Nanayakkara et al. (Nanayakkara et al., 2022) also consider the perspective of research practitioners in their study. They interview participants and evaluate their comprehension as they use a visualization tool to explore the relationships between $\varepsilon$ , accuracy, and disclosure risk, as well as the impact of DP noise on statistical inference. This work underscores the importance of tools for practitioners to understand the dynamics between privacy and accuracy and the implications of making parameter choices in a hands-on manner. Their tool is complementary to the prototype we use for this study, and our findings show that participants would benefit from being able to visualize these tradeoffs. However, as the authors point out, more work needs to be done to understand how generating visualizations cuts into the privacy-loss budget, and how to use the visualization to actually perform a DP analysis.

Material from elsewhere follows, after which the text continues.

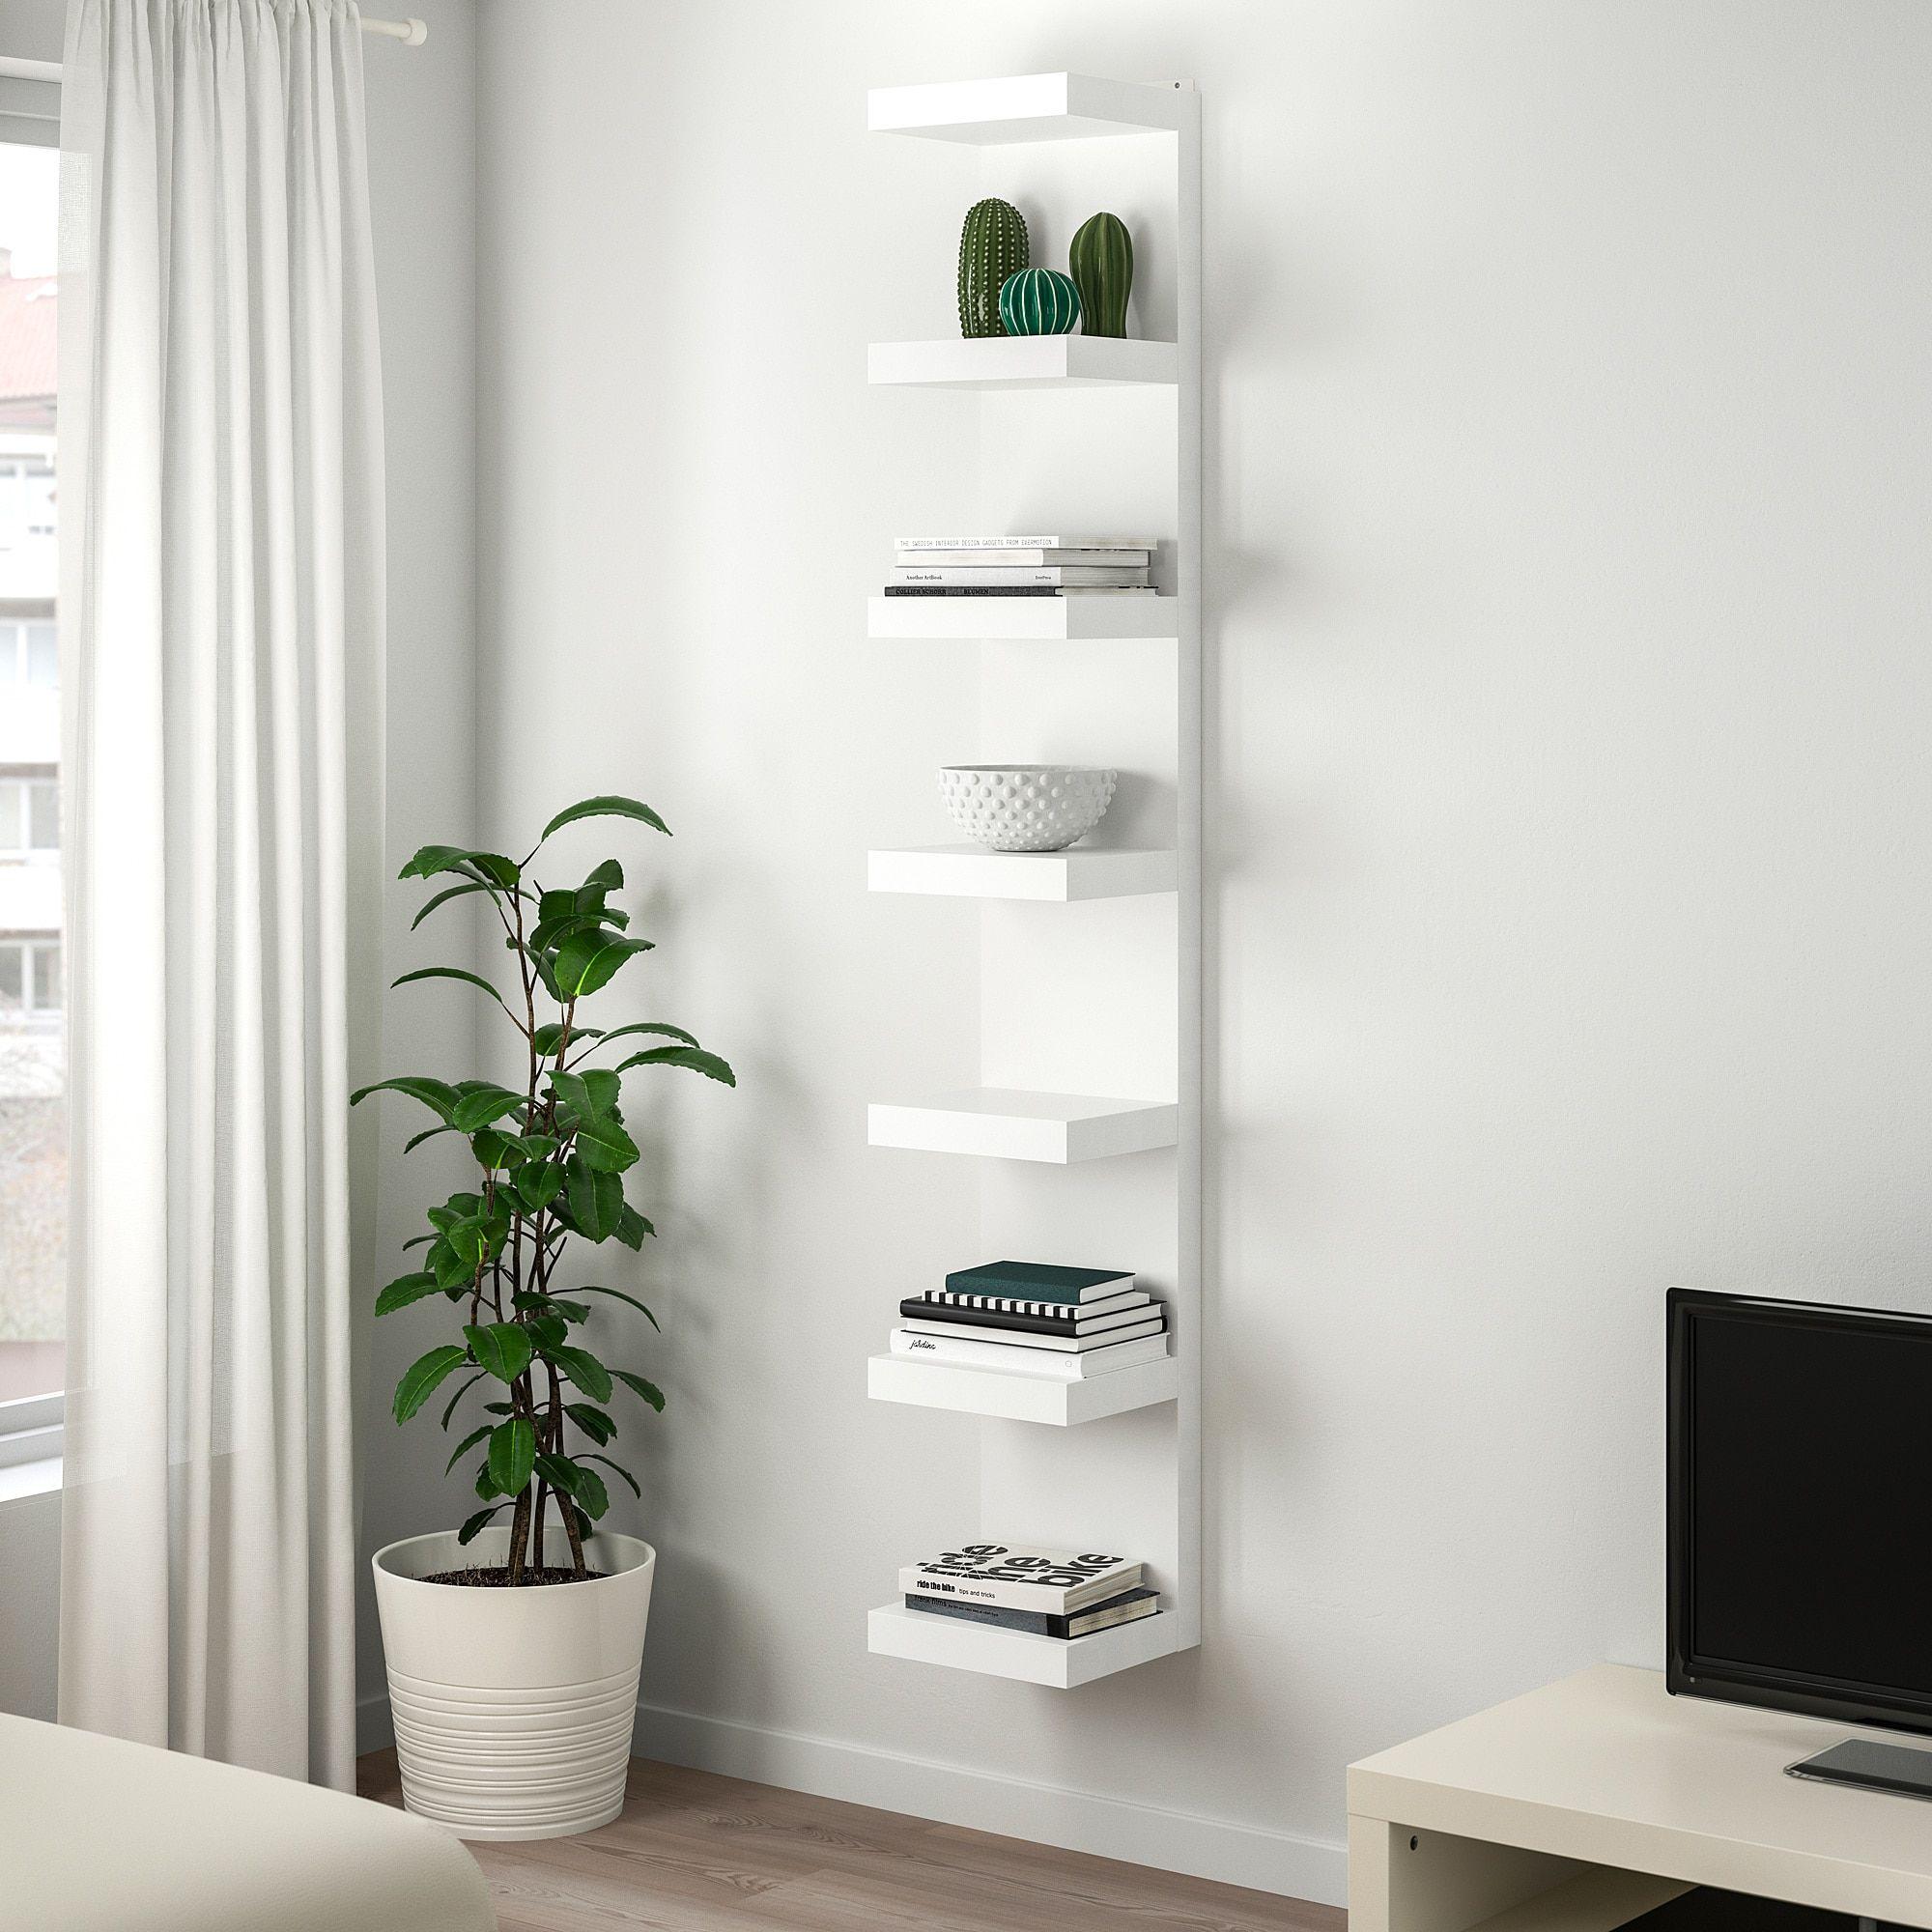 Lack White Wall Shelf Unit Ikea Ikea Lack Wall Shelf Wall Shelf Unit White Wall Shelves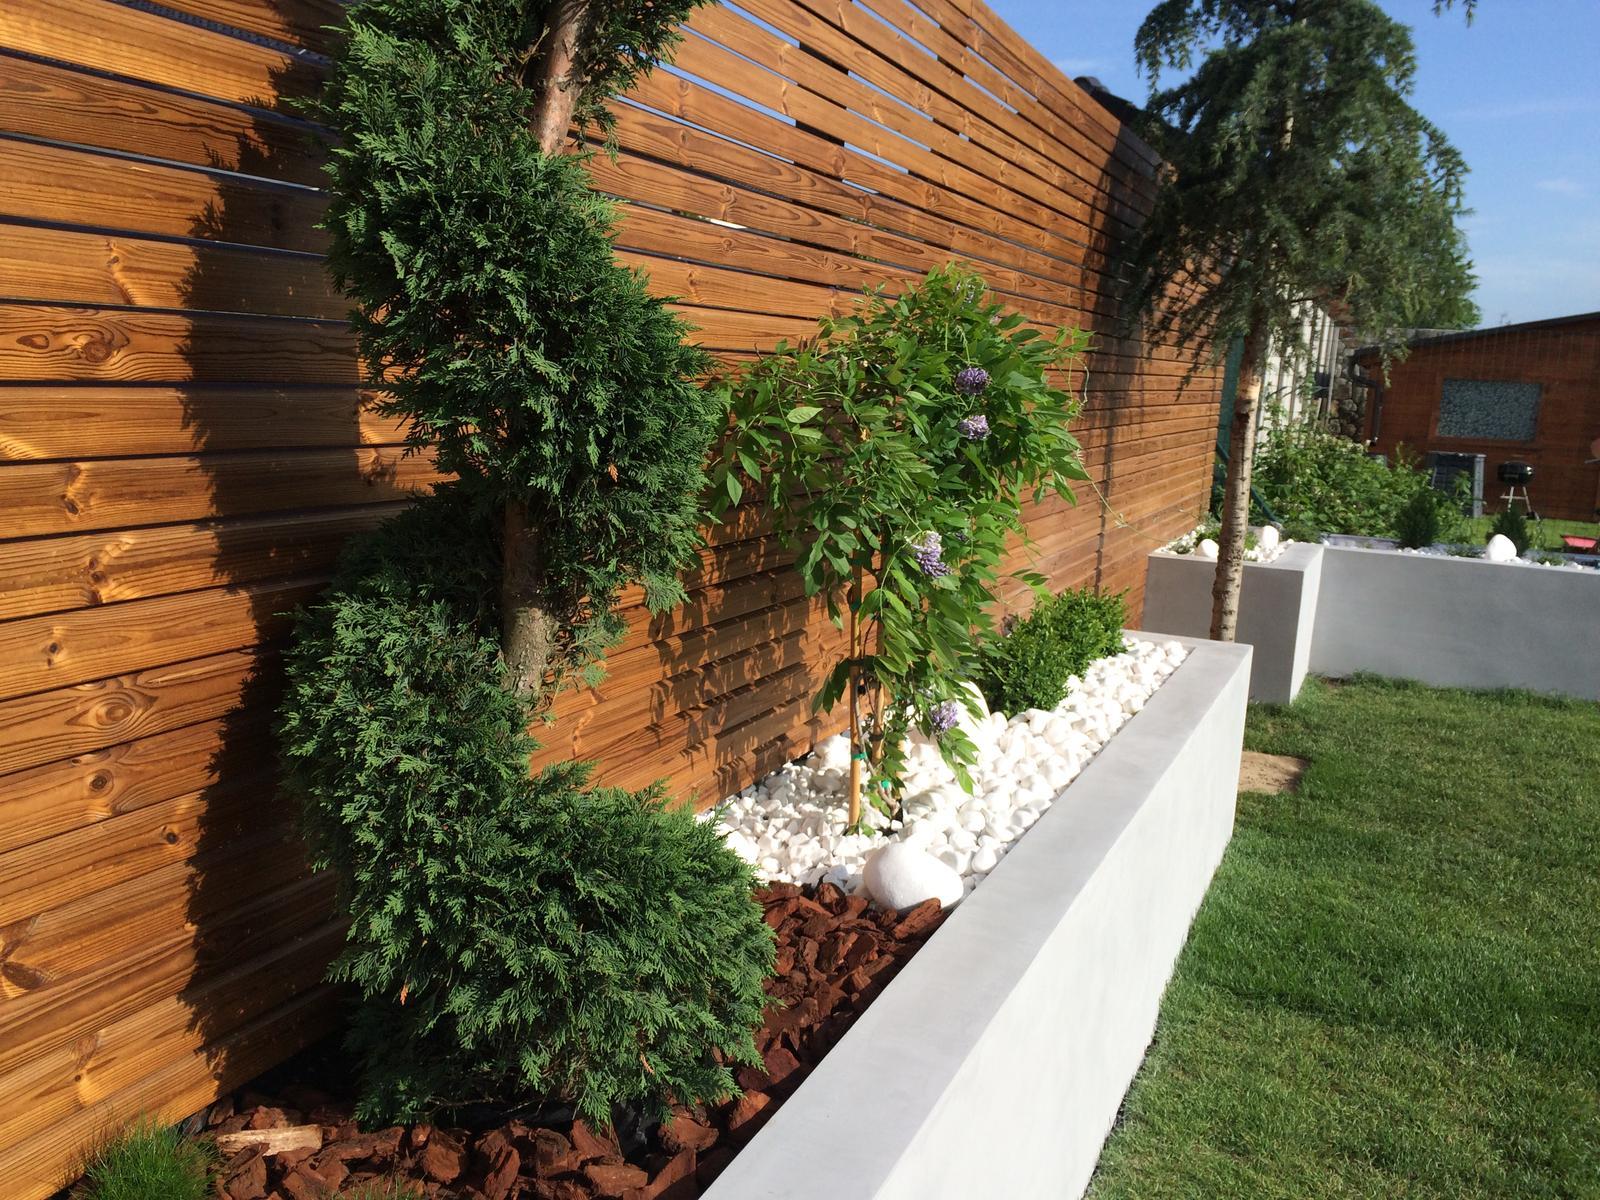 Zahradka - Obrázok č. 55

Concurrent work by Munilla Garrido et al. (Garrido et al., 2022) investigates the ‘academic-industrial DP utilization gap’ through interviews with data analysts and data stewards in major companies that have not yet deployed DP. Their findings about the barriers to adoption of DP, as well as the promises of using DP, support the findings in this paper. In particular, Munilla Garrido et al. conclude that DP can simplify onerous data access processes and facilitate data exploration across silos. They are optimistic about bridging the divide between theory and practice of DP, identifying key technical gaps that DP tools should address in order to promote adoption across industry. Echoing findings from a previous interview study by Dwork et al. (Dwork et al., 2019), Munilla Garrido et al. emphasize the need for sharing learnings across the DP community.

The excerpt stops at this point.